+++ RECORDS SUPPLIED +++

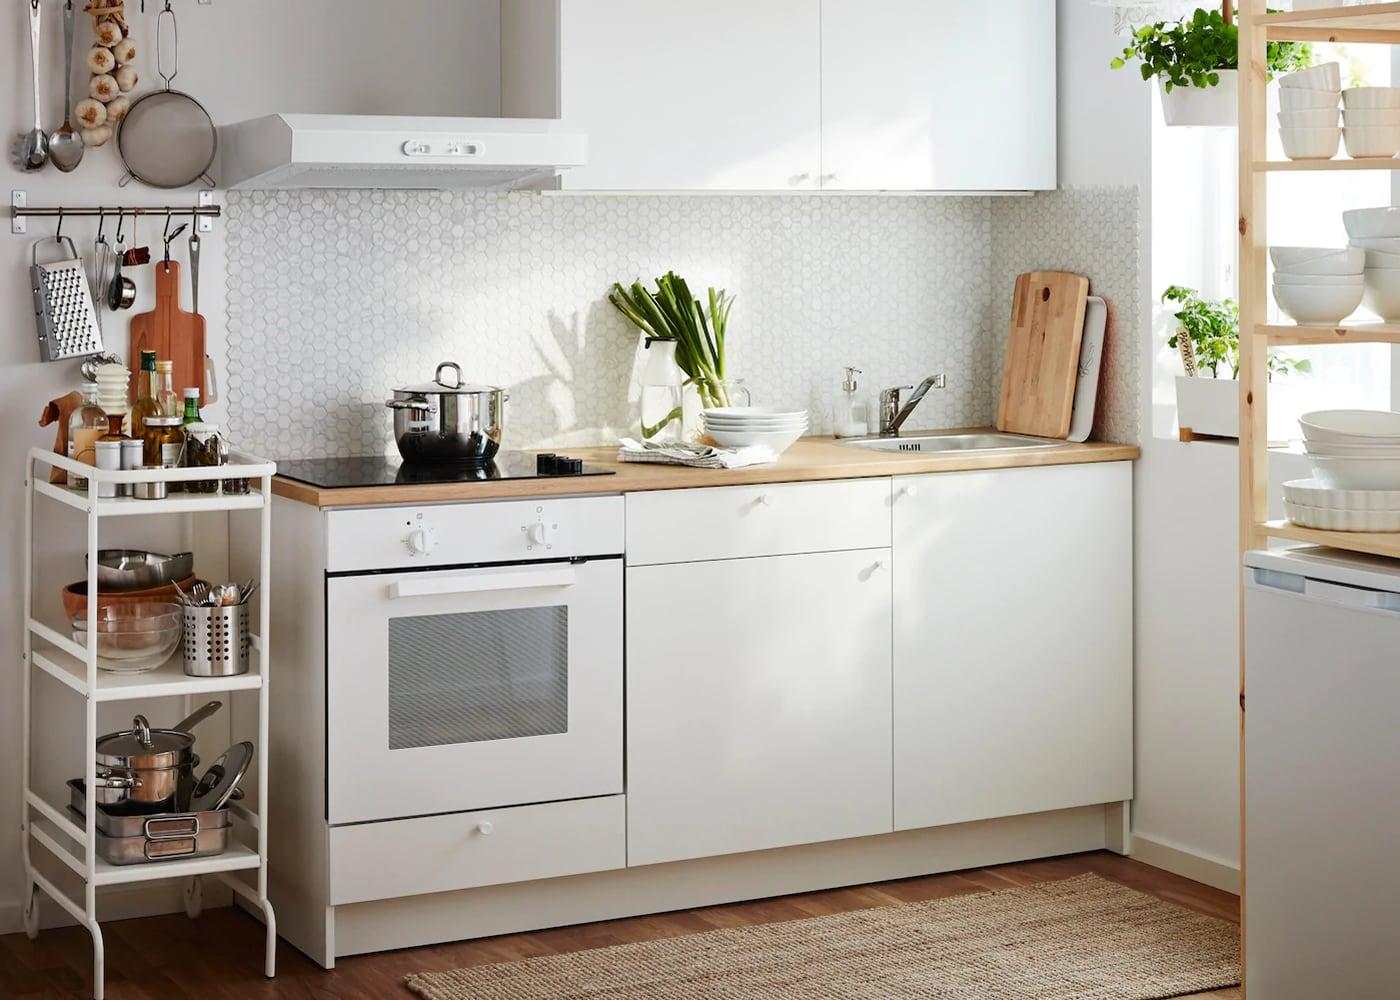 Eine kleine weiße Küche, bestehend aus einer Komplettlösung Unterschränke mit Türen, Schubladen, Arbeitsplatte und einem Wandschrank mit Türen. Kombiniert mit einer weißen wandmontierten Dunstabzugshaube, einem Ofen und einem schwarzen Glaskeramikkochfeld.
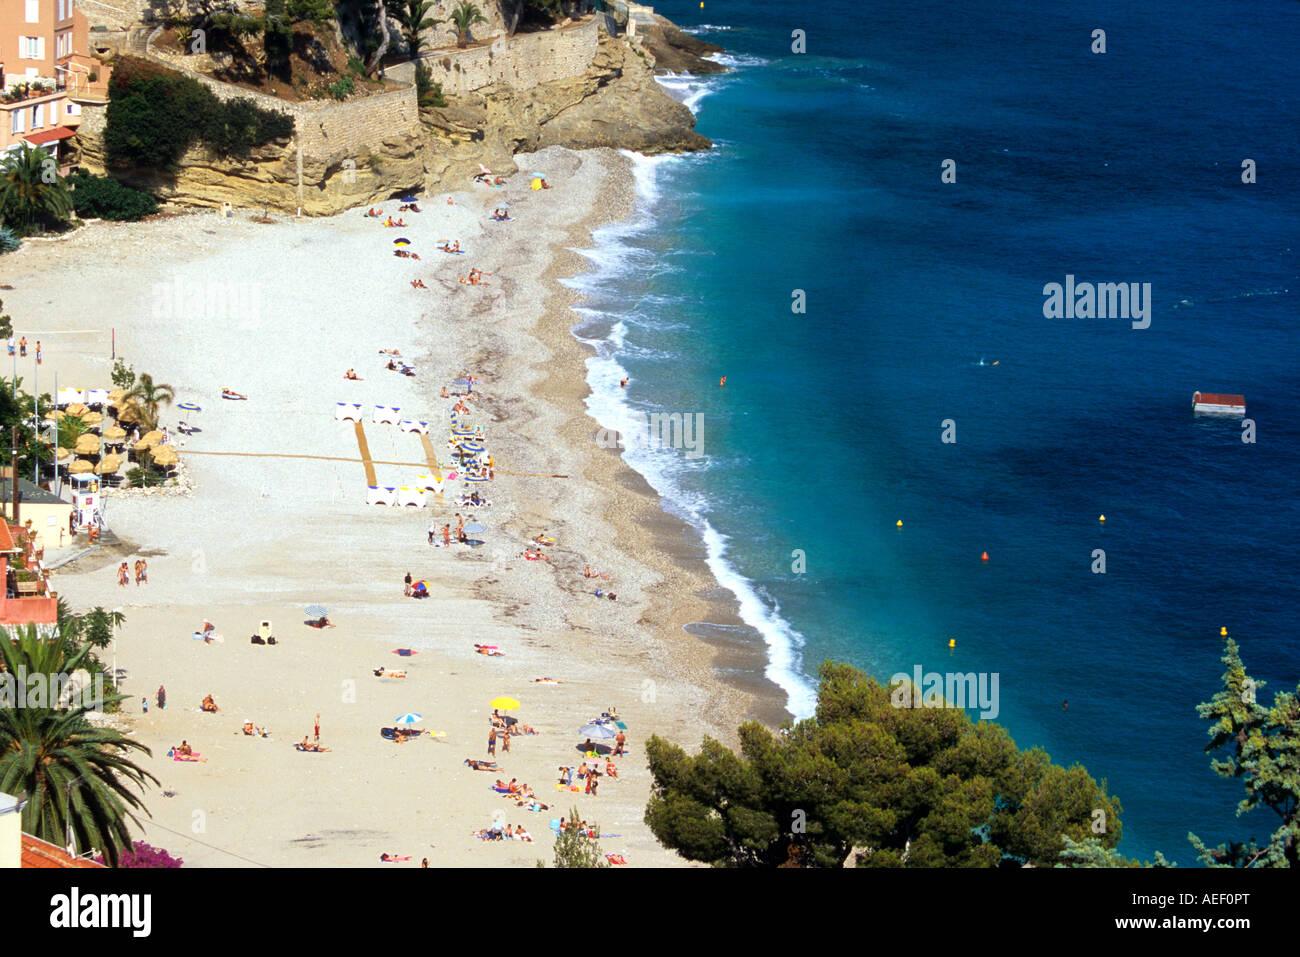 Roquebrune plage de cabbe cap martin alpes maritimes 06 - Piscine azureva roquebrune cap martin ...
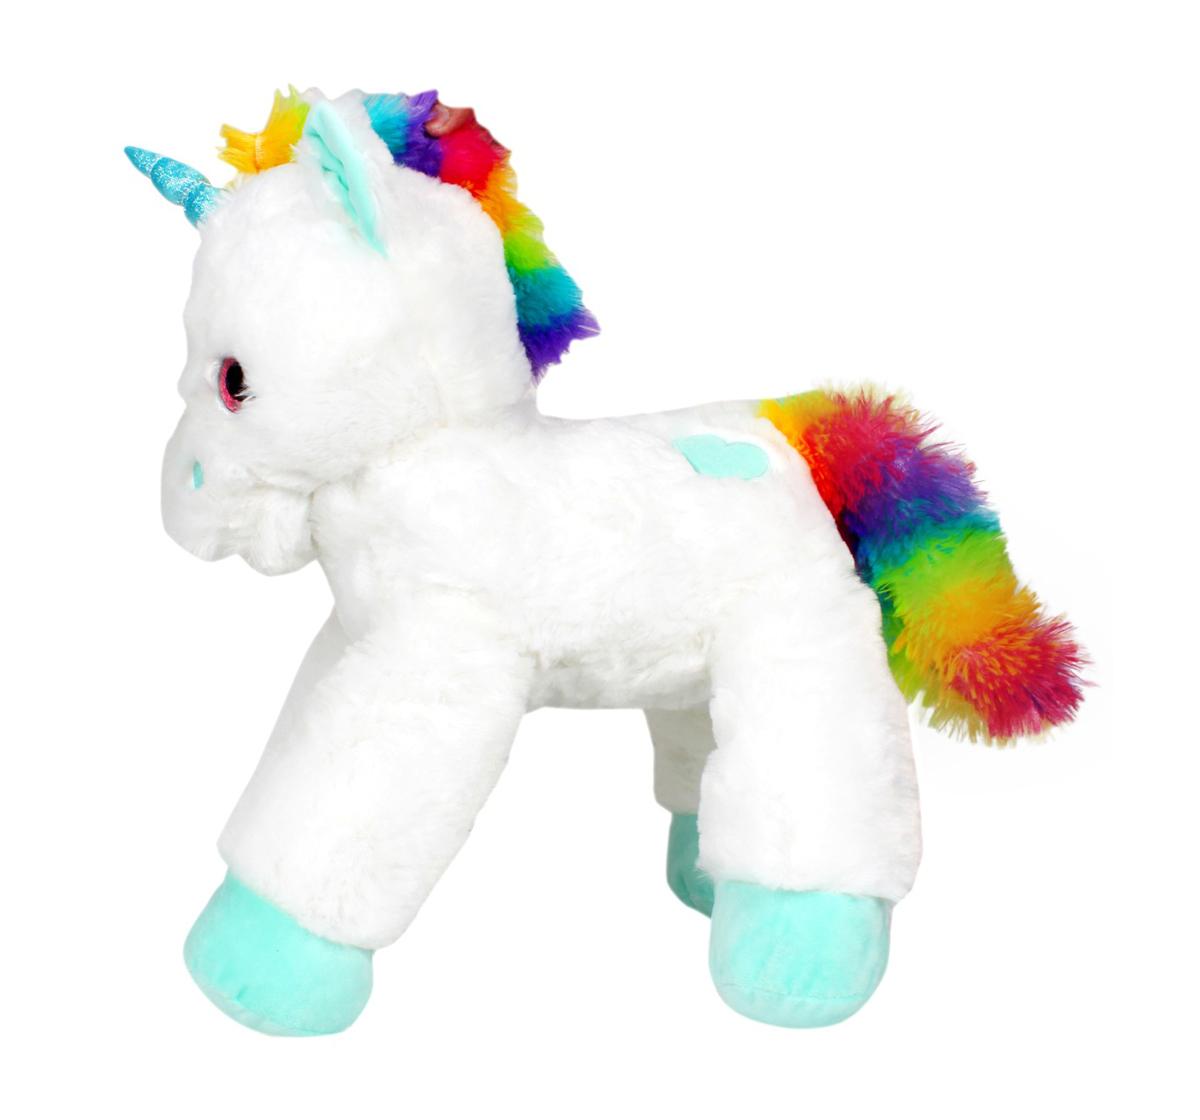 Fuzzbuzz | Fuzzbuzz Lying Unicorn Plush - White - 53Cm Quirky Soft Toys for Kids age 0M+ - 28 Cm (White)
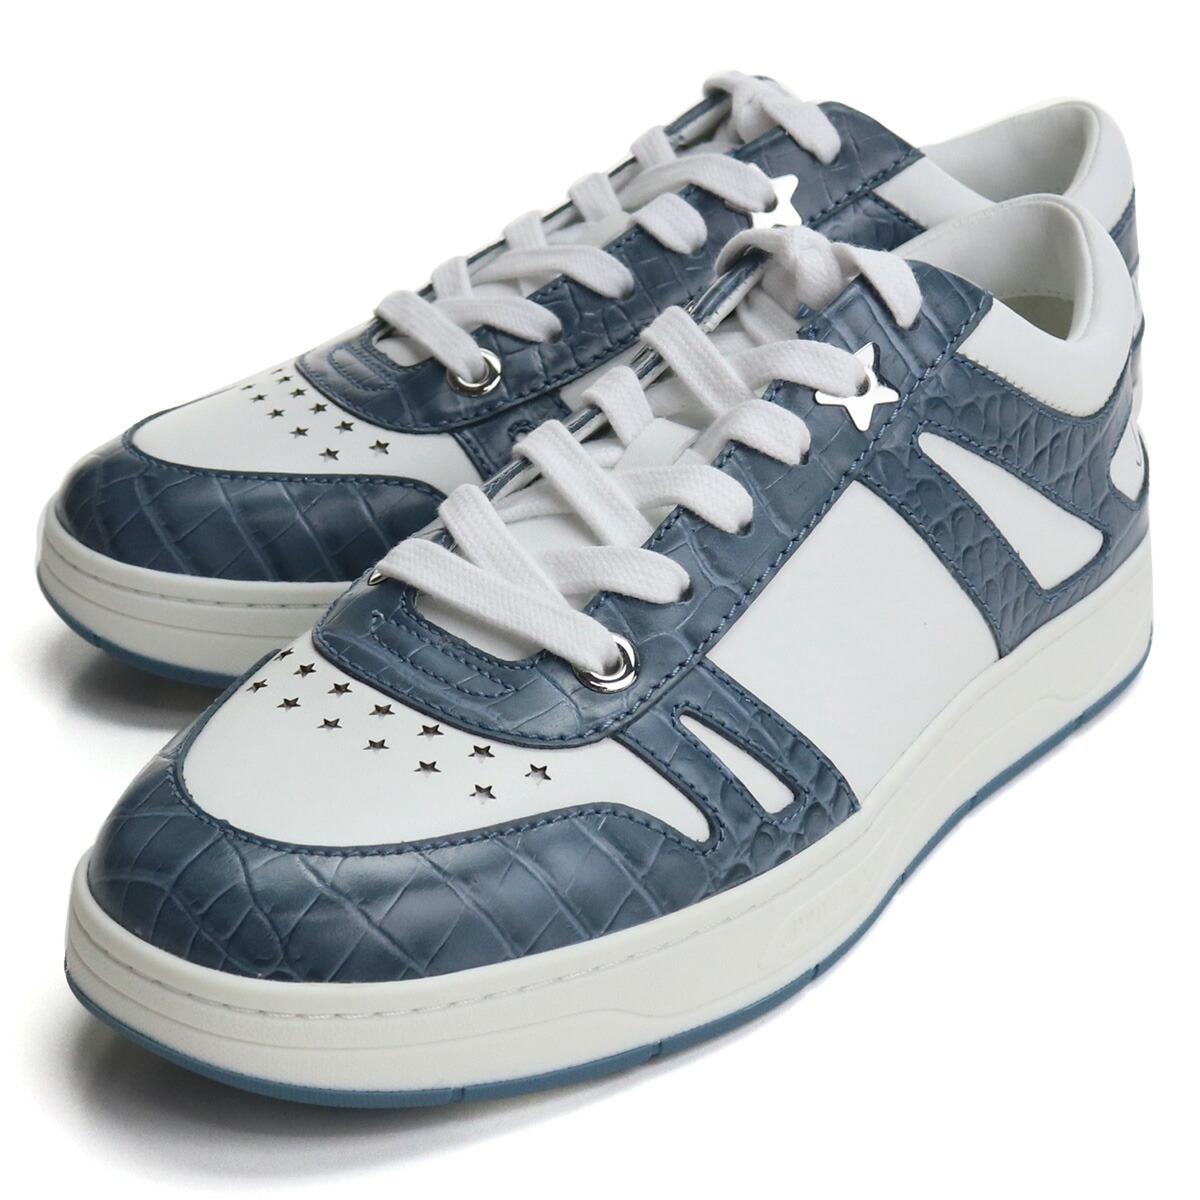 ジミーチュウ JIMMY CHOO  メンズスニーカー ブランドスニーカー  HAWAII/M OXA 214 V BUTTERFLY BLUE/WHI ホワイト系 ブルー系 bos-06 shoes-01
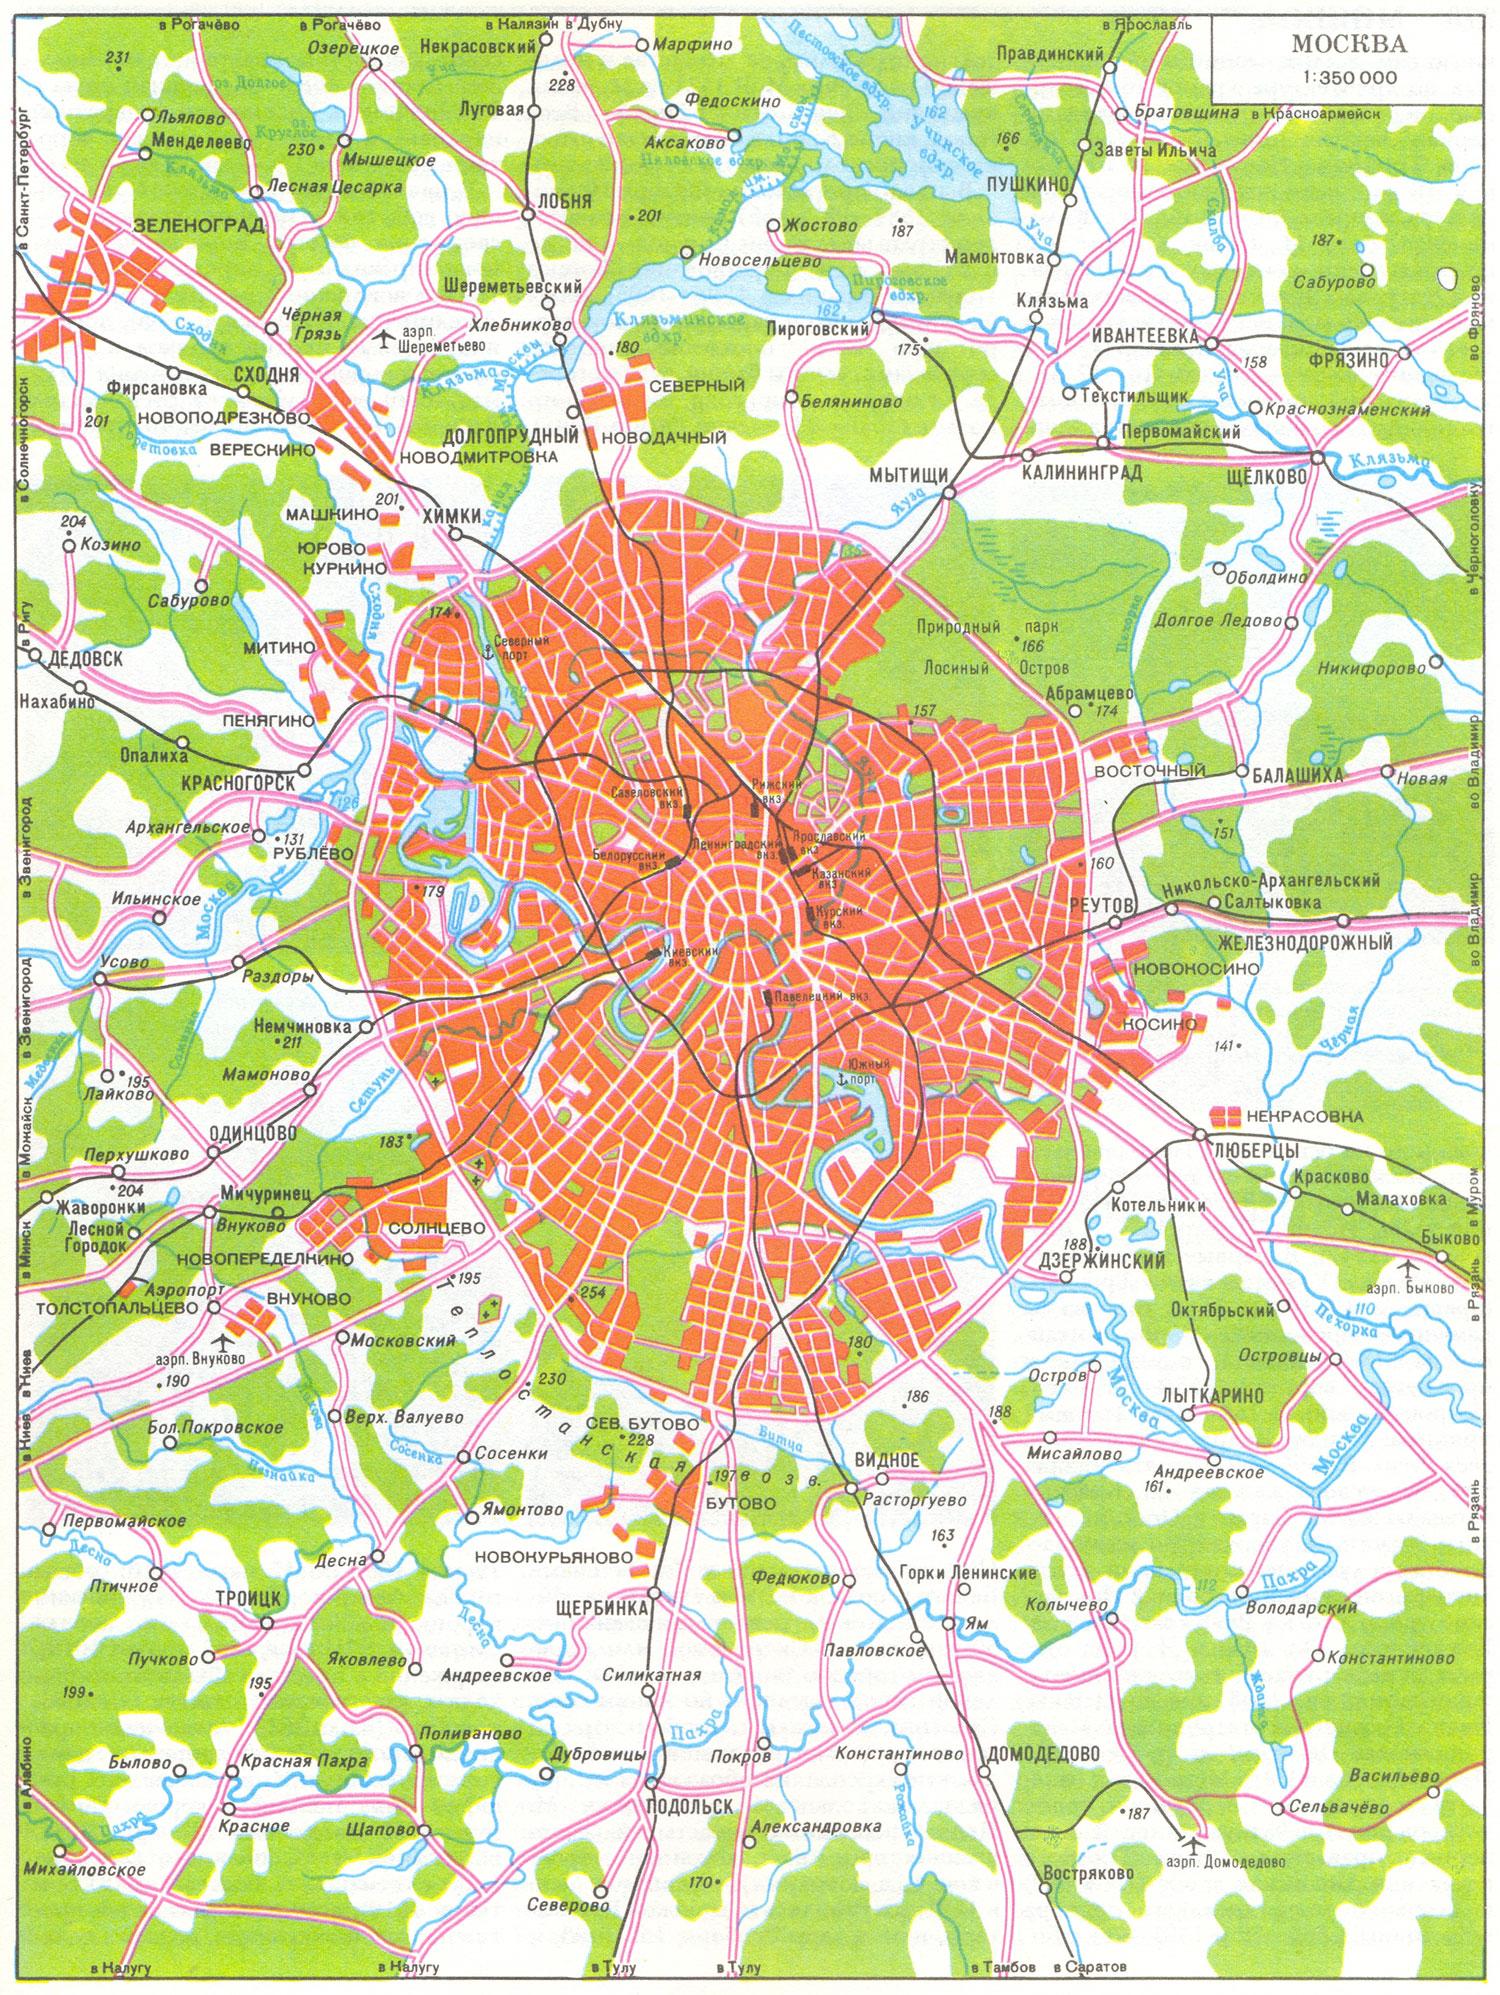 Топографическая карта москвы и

+++

_PROBLEM TO WORK ON_:
Only the pictures are to be left out; print everything else in the listing exactly.

_TASK SOLUTION_:
 Eine kleine weiße Küche, bestehend aus einer Komplettlösung Unterschränke mit Türen, Schubladen, Arbeitsplatte und einem Wandschrank mit Türen. Kombiniert mit einer weißen wandmontierten Dunstabzugshaube, einem Ofen und einem schwarzen Glaskeramikkochfeld.
 Roquebrune plage de cabbe cap martin alpes maritimes 06 - Piscine azureva roquebrune cap martin ...
 Fuzzbuzz | Fuzzbuzz Lying Unicorn Plush - White - 53Cm Quirky Soft Toys for Kids age 0M+ - 28 Cm (White)
 ジミーチュウ JIMMY CHOO  メンズスニーカー ブランドスニーカー  HAWAII/M OXA 214 V BUTTERFLY BLUE/WHI ホワイト系 ブルー系 bos-06 shoes-01
 Топографическая карта москвы и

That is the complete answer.